**Task item**. Omit pictures and quote the listing below line by line, from its start through the line that holds "Elegant Chaos Vibrant".

**Data**.
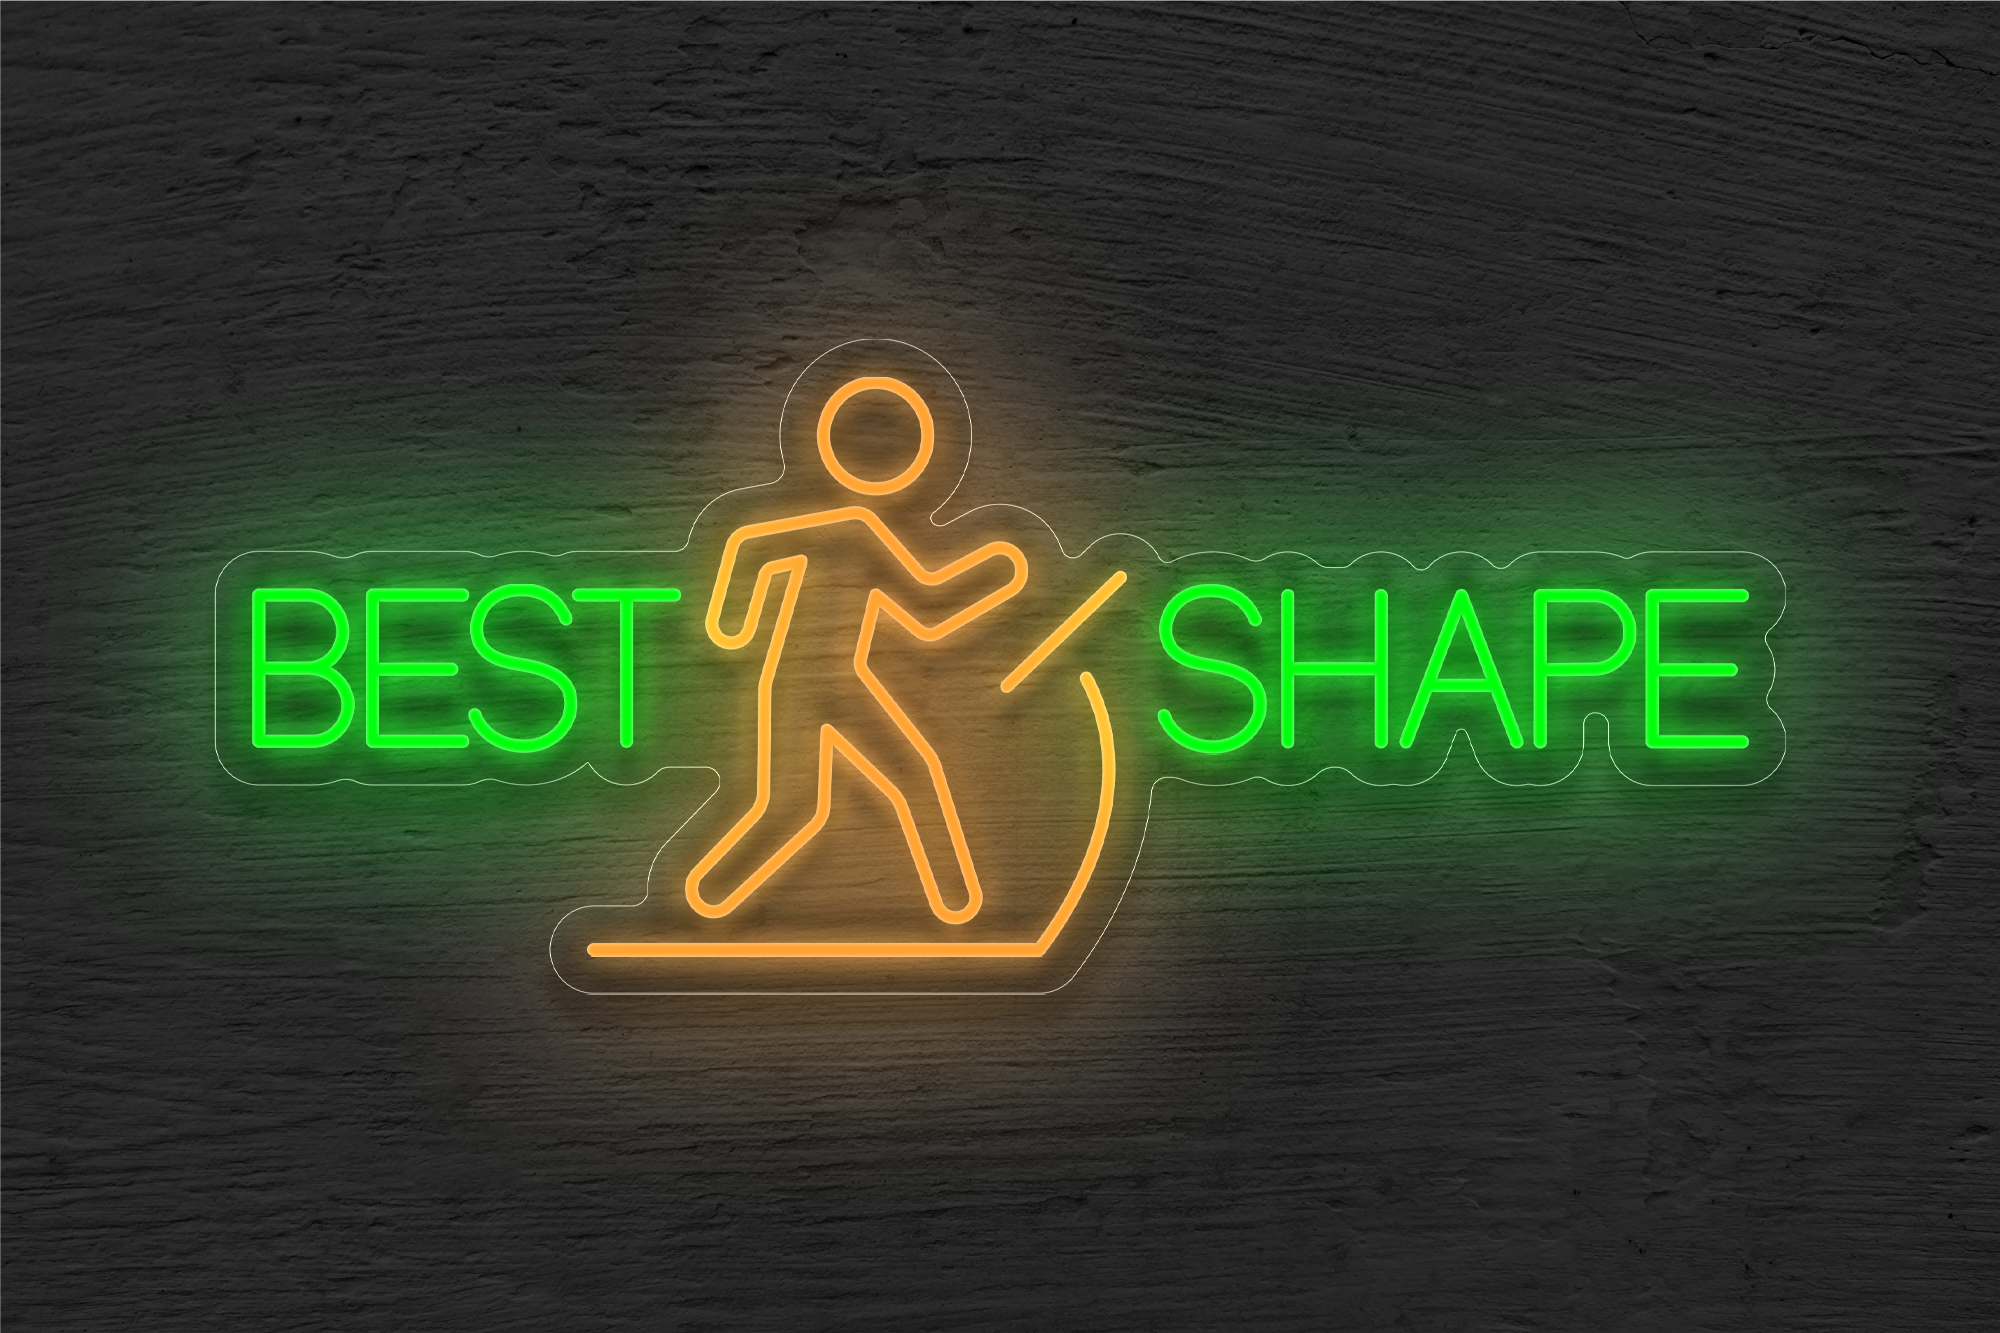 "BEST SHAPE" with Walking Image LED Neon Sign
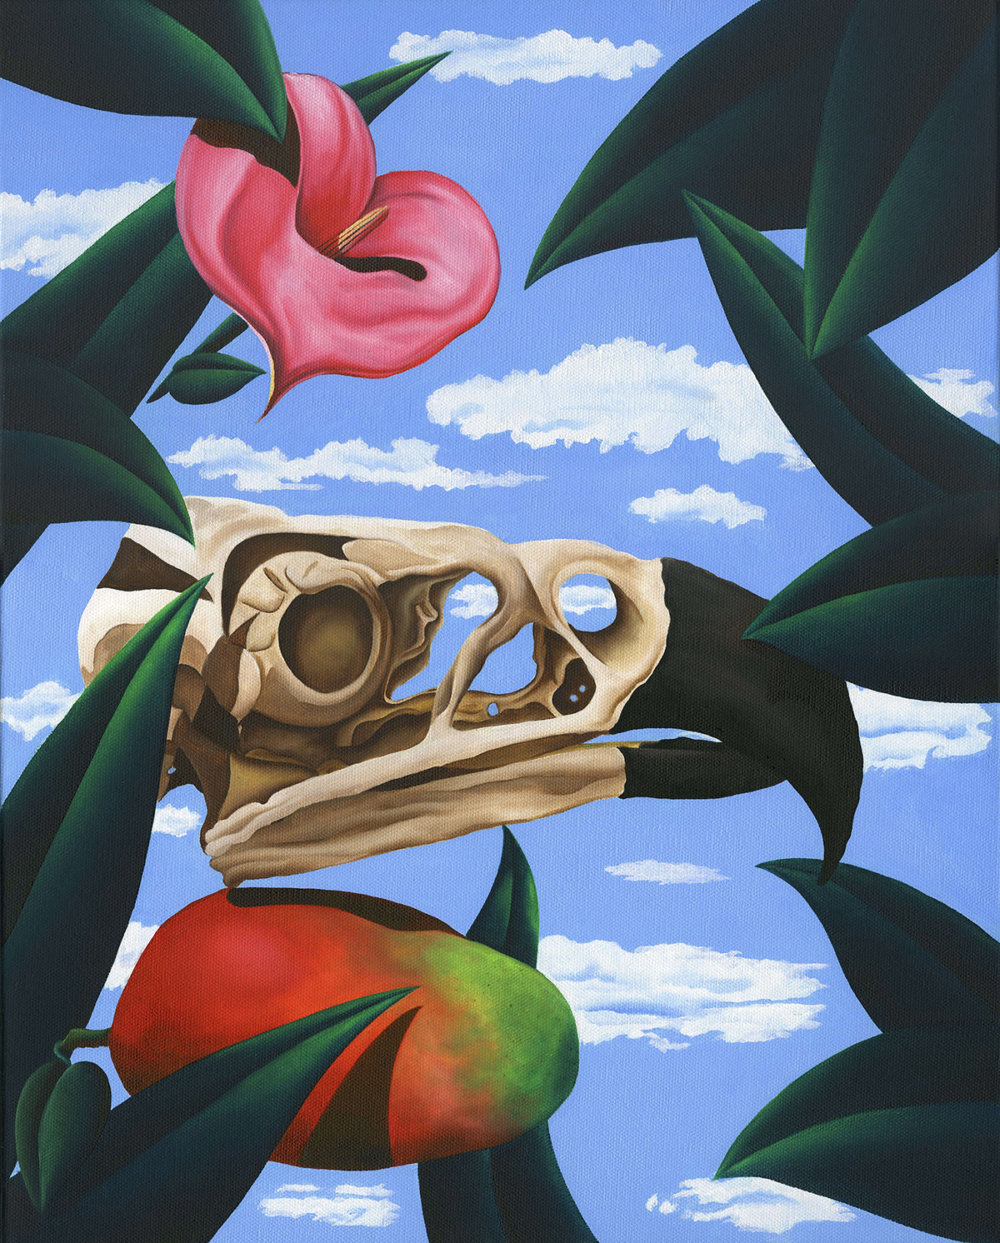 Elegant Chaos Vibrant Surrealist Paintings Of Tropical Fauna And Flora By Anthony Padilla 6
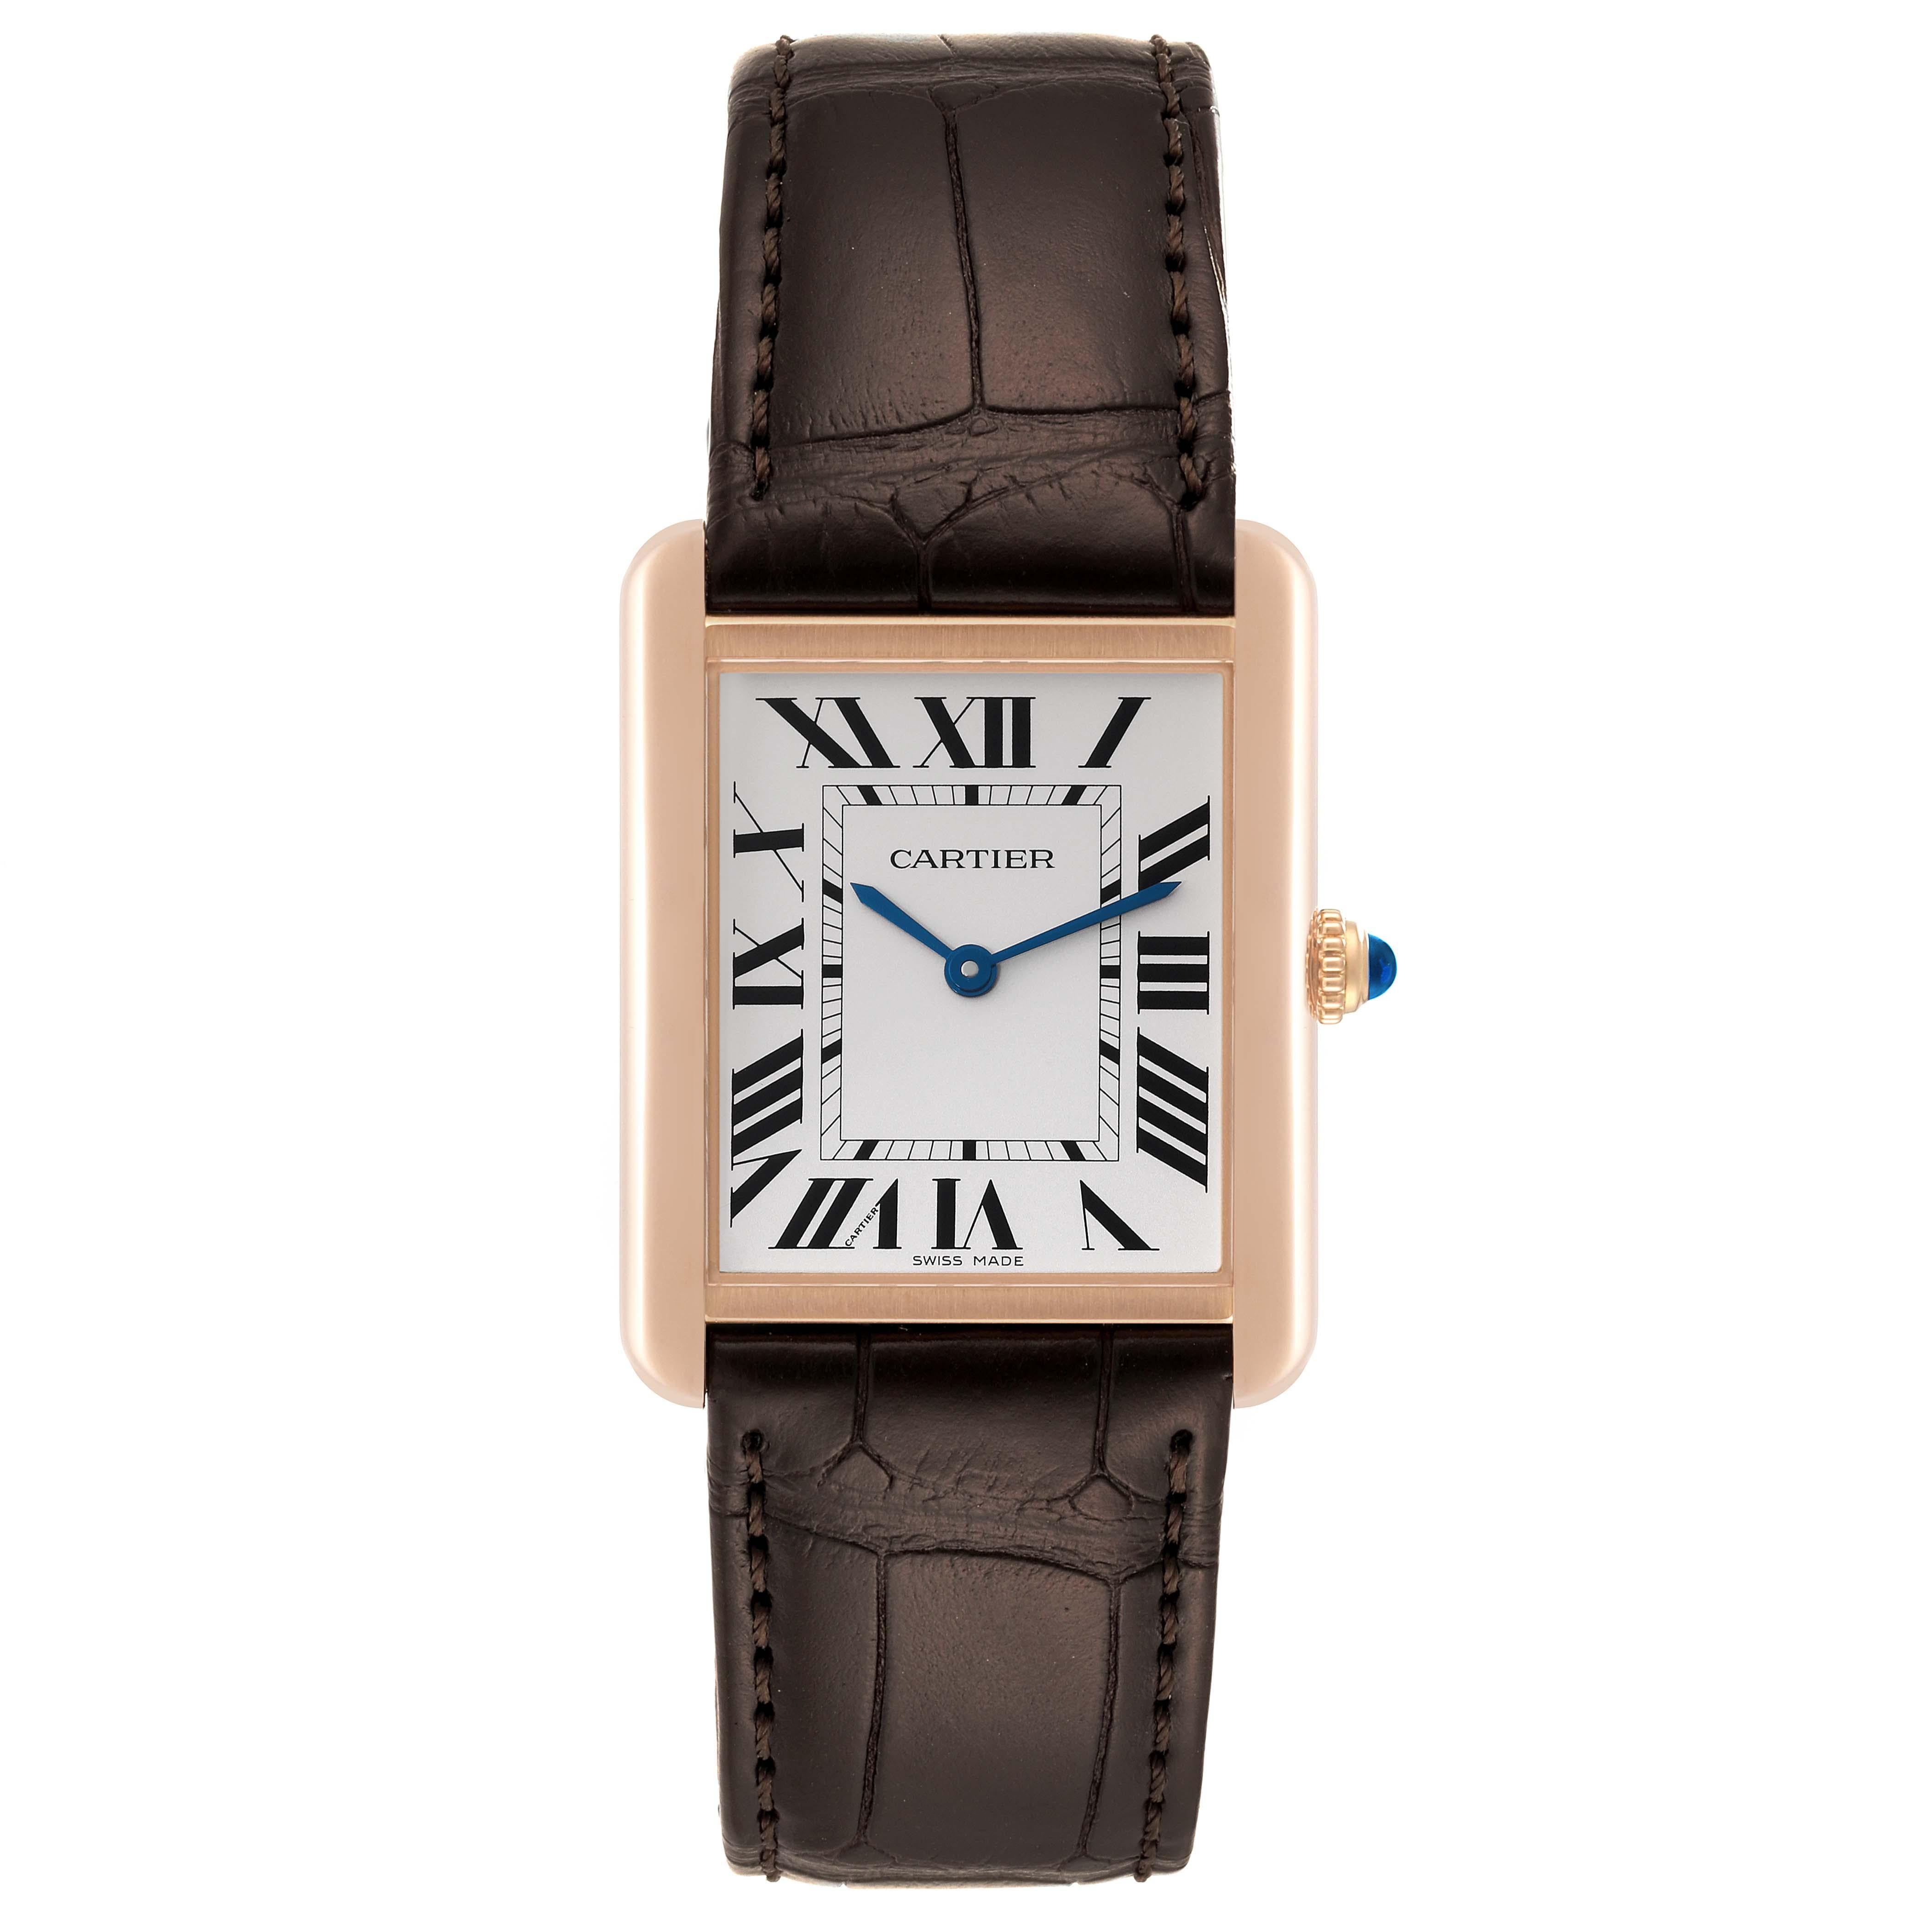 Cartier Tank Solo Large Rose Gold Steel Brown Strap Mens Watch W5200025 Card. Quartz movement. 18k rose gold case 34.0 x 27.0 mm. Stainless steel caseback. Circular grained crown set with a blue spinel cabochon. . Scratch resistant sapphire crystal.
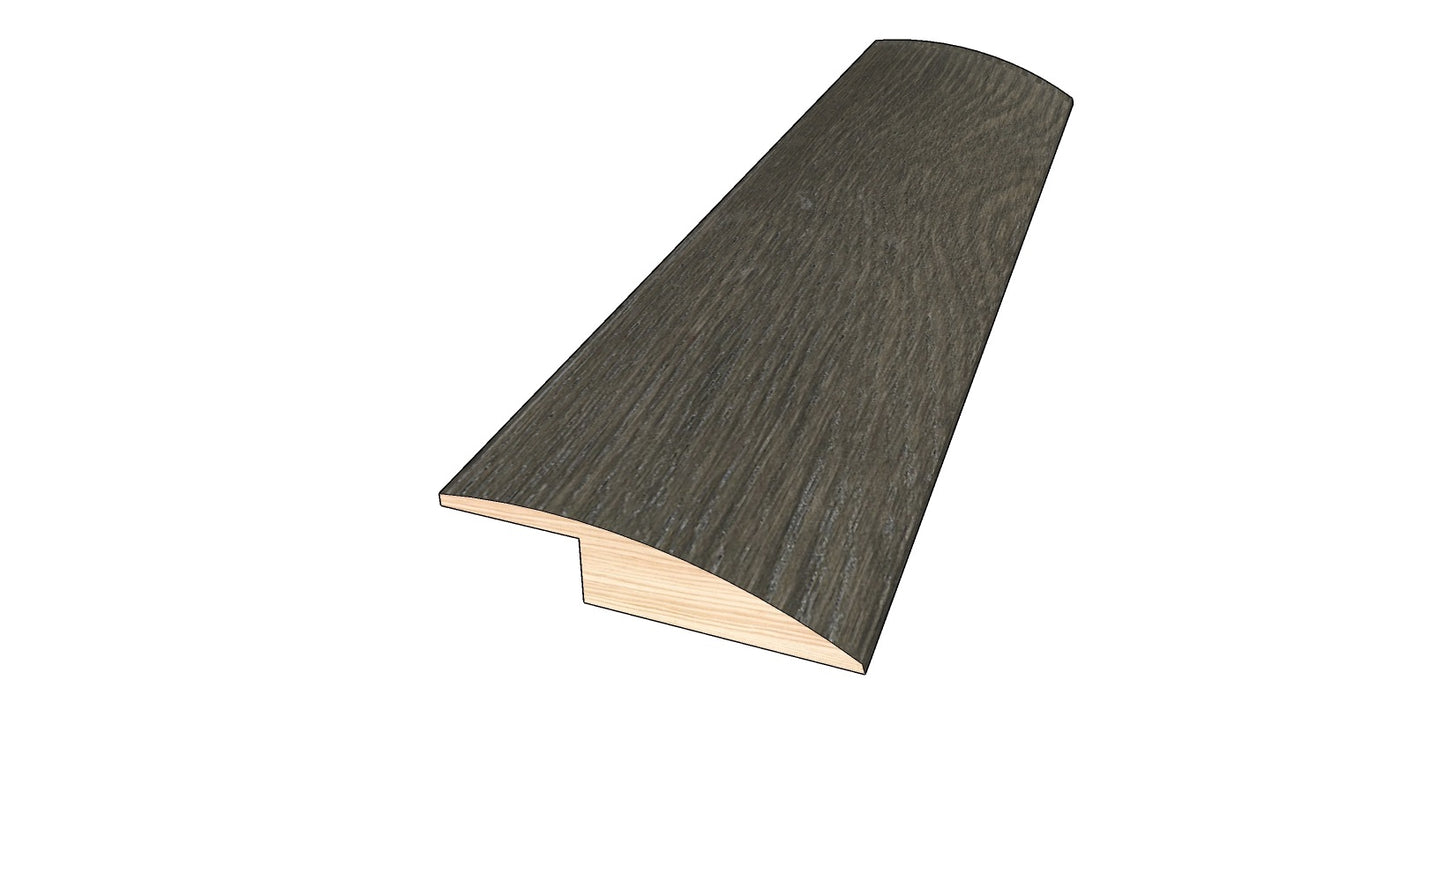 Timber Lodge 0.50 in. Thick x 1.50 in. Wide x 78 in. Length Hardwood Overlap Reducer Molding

**Your solution**.
 "BEST SHAPE" with Walking Image LED Neon Sign
 Elegant Chaos Vibrant Surrealist Paintings Of Tropical Fauna And Flora By Anthony Padilla 6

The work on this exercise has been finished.